I collected around three dozen, left the patch under the tree stripped of them. I also foraged among some bushes around the tree, and along a path that ran up behind it, but found no more. It seemed like a good half hour had passed, so I returned back into the clearing to show Shaznie what I’d got, but there were no sign of him.

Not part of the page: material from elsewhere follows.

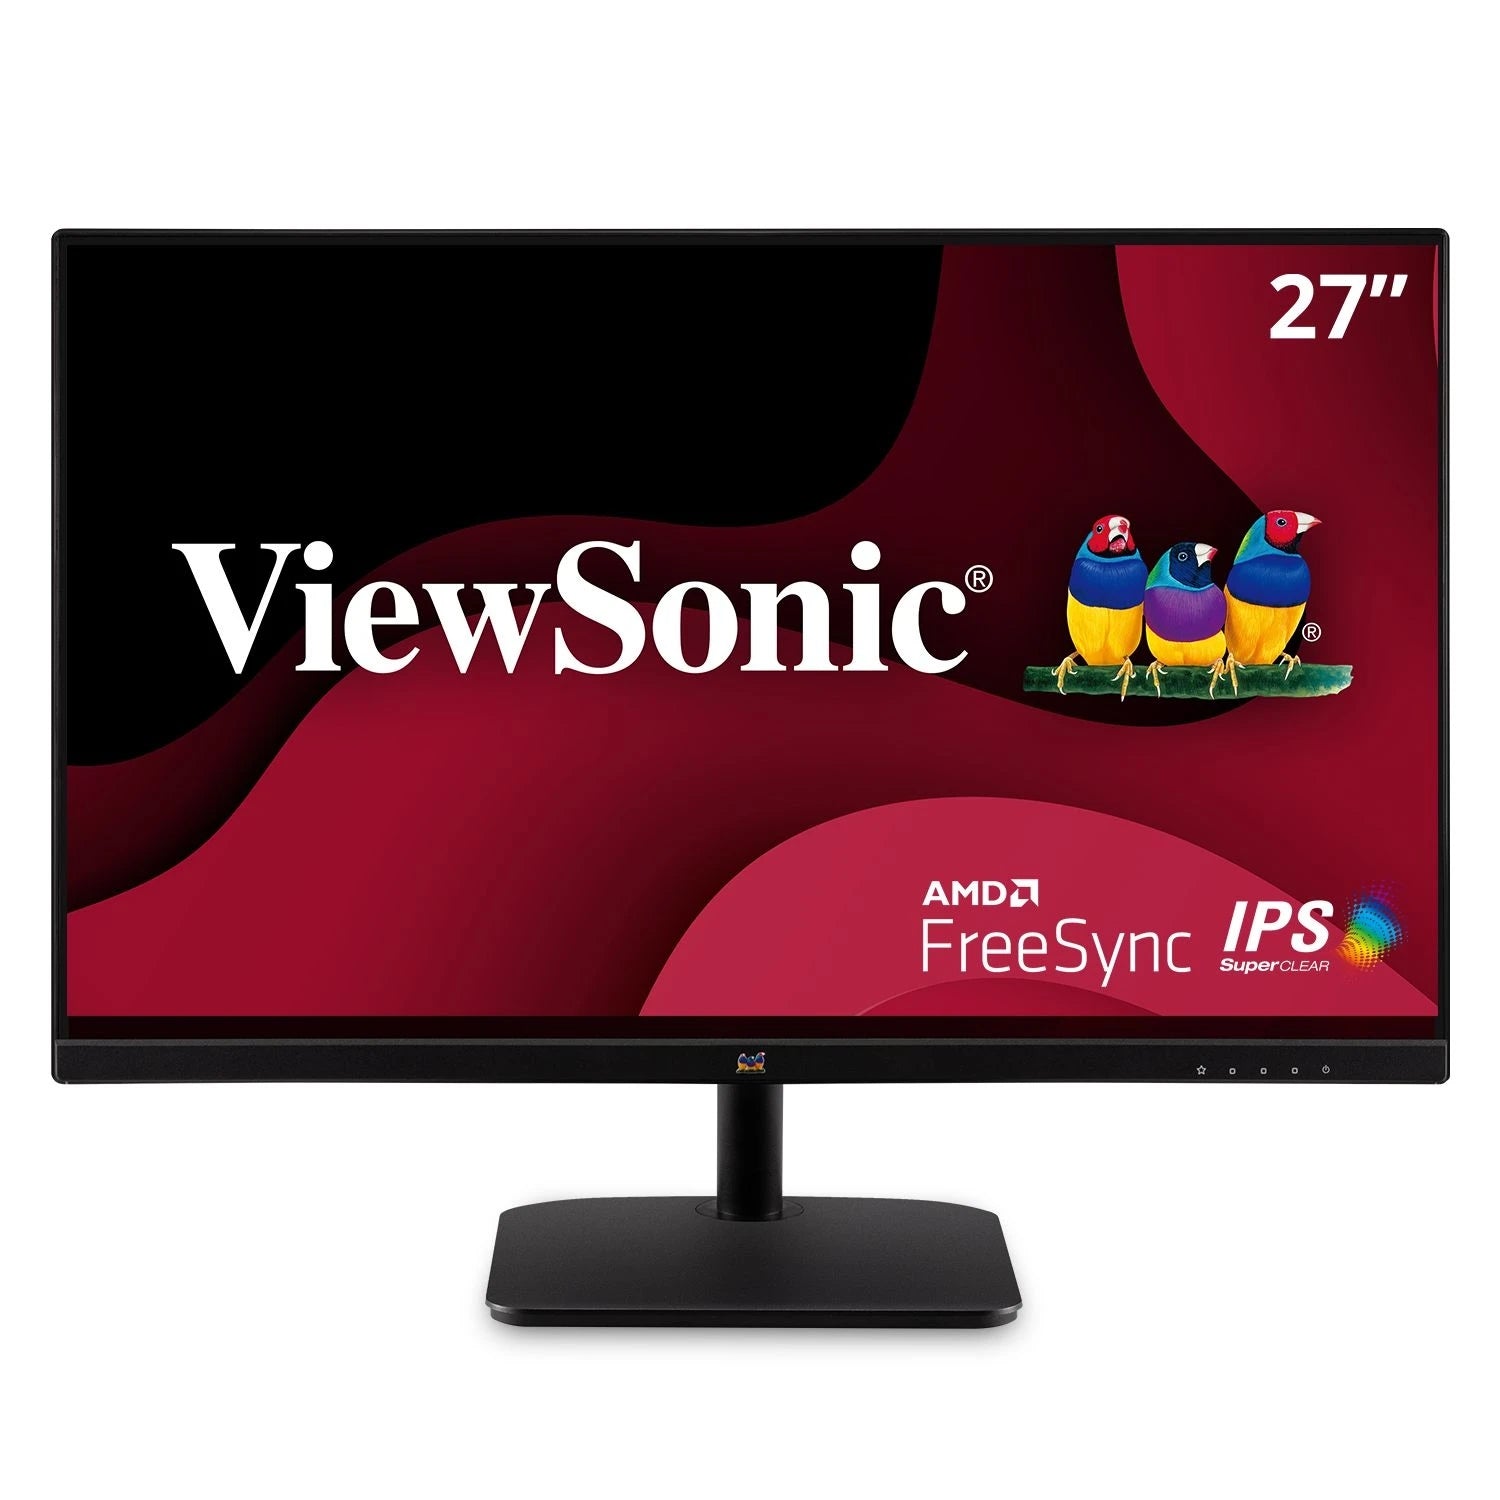 Monitor Viewsonic Va2735-H, 1920 X 1080, Full Hd, Panel Ips, Free Sync, 75 Hz, 4 Ms, Cable Hdmi Incluido, Vga In, Vesa, 3 Años De Garantia

‘Shaznie?’ I went, slightly above talking volume, then louder, ‘Shaznie?’

I waited a moment or two, listened to hear if I could hear anything. ‘SHAZZZZNIEEE!’

I strained to hear even an echo, but could make out nothing save for the glum cawing of ravens somewhere far off. Moments passed, and the still and pure silence that had now crystallised, however briefly, were not interrupted. Finally, from what I guessed were an easterly direction, the sharp, dry crack of a stick broke the quiet. Sweat surfaced on my brow. I put my head down and marched quick as I could toward the sound. I reached the trees, stepping over a broken bough half buried in the mud. I stopped, stood still, listened again. A hardly-there breeze moved through the forest and what leaves were still left on the branches rustled softly, before silence reigned again.

Then, a scream. It came from behind me, unexpected as fork lightning on a sunny day. A scream, so high pitched, it bordered on the glass-shattering. The scream were male’s, and adolescent, perhaps, god forbid, younger than that even. I skipped back over the broken branch and ran back into the clearing, arriving to find Shaznie appear from the trees opposite with twigs and leaves sticking out of his hair.

‘Where the fuck were you? Fuckin’ hell... was that you screaming there?’

‘Me? No. Kids. Horsing around back there. Got a tree swing back in there. Dangerous looking. I’d’ve told them off if I’d thought it would do any good. Sorry, Danny.’

‘You’ve blood on your shirt cuff,’ I said on noticing it.

‘Oh yeah, cut myself,’ he replied, though on taking a quick look at his hands I didn’t spot any gashes or anything. ‘So you got me some then,’ he said, nodding at my bag.

‘Around three dozen,’ I replied.

‘Good stuff. I got around the same amount, give or take. We’ll brew up some concoction with this, I’ll say. But later. In the meantime we’ll get down to that wee club, get you your drink, hey?’

‘Lead the way,’ I said, waving him on.


Shaznie directed me down a side street off the Donegall Pass. We got out the motor and he led me down a long narrow alley that opened out onto a small enclosed courtyard. The club, from the outside, looked like a Salvation Army hall; like a place where the WI would meet every fortnight.

‘Here we are,’ said Shaznie.

‘My motor gonna be OK parked up on that street?’ I asked.

‘Sure it will. Nobody round here fucks with a car they don’t recognise. They assume it belongs to somebody that’s a member of this club. And you don’t wanna go messin’ with somebody that comes to this club.’ He approached a wire mesh screen door and buzzed the intercom.

‘Alright, Shaznie,’ came a static-heavy voice. ‘Who’s that you’ve got with you?’

‘Friend of mine. He’s cool,’ said Shaznie. ‘He’s got a bit of a thirst on. Wondered if I could bring him in for a drink? Was down in the forest there, too. I, we, collected many pickings, which we’ve brought with us.’

A small box above us buzzed and both the outer door and the heavy corrugated iron main door behind it released and gave way, leading to the dark rooms beyond.

We walked along a short, dimly lit hall. 3 doors ran up either side. Framed pictures of men dressed in military regalia from what looked like different armies lined the walls between the doors. There were other pictures that showed the same cut of men—square jaws, prouder looking than they maybe should’ve been—and they wore robes and aprons bearing strange symbols while in their hands they held evil looking objects, things, on looking at them, I could not fathom the use for.